Mother hears these doubts about her mental capacity and smirks, then smacks her gums, which are again as dried out as the desert. But right away she winces as a rough towel digs into the skin behind her knees.

“Mom, what you're doing is admirable—you're great. You amaze me. You'll feel good about it afterwards, right?”

“Will I feel good about it? I don't even know how to respond to your little cheer.”

“Cheer? Mom!”

“I don't know. I don't know about anything anymore. I try not to think at all.”
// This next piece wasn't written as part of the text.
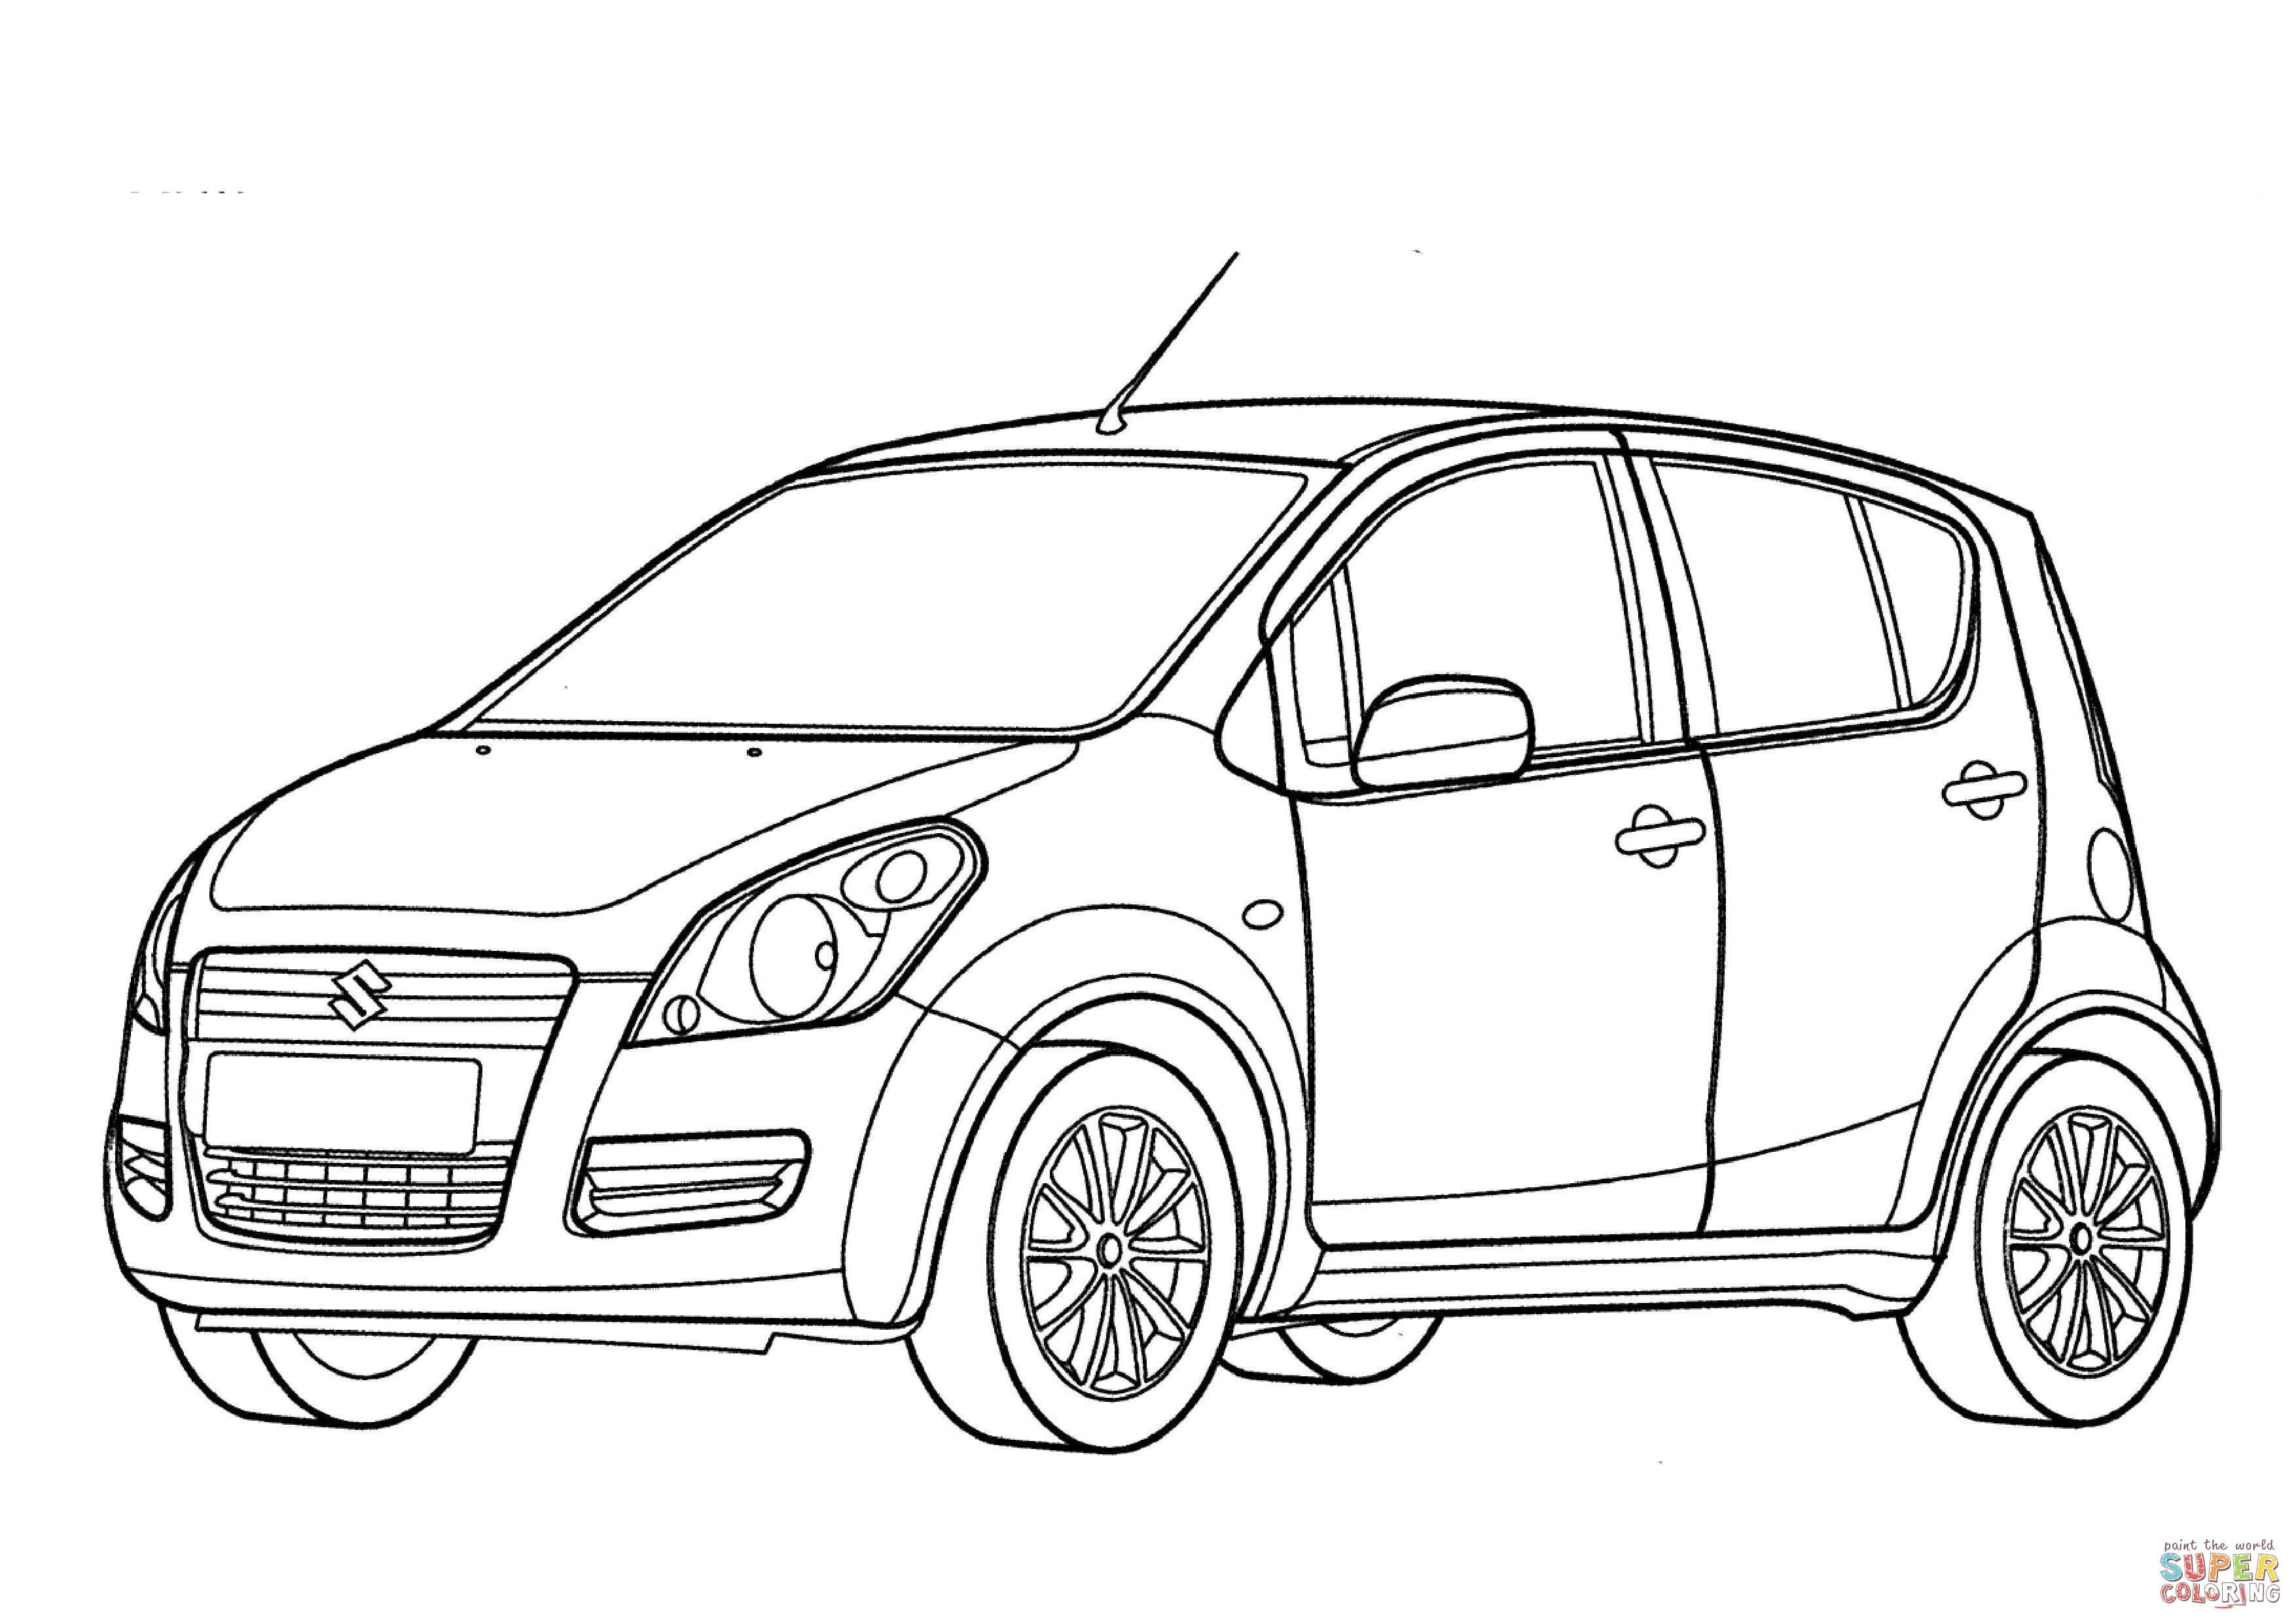 Hatchback Drawing At Getdrawings

They put a new diaper on Mother and sit her back onto the bed with a pile of pillows behind her back. A napkin is tucked in under her chin. A spoon of something red is brought to her mouth. She opens it like a mechanical beak and swallows.

“Have some fruit, Mother!”

“You should cut it up—she doesn't have any teeth.”

Mother nods and swallows the piece of fruit whole.

“She can mash it up with her gums.”

“Maybe it would be better to put her in a home. You yell at her. And one time when I called you were in tears. Sometimes you drink and cry.”

“I don't just yell at her, m'dear, I hit her too—with a towel. She's totally shameless. And yes, I yell. She shits all over the bed and pisses all the time. But she still has an appetite. I stand next to her and watch my life fall apart—or what's left of it. An hour with her sometimes feels like a year. I'll drink her medicine, it happens a lot. It's human nature! Don't shake your head, that's life. You don't believe me and that's fine, because you don't know anything about life yet. Think what you want, but I'm not putting her in a home. She's my mother.”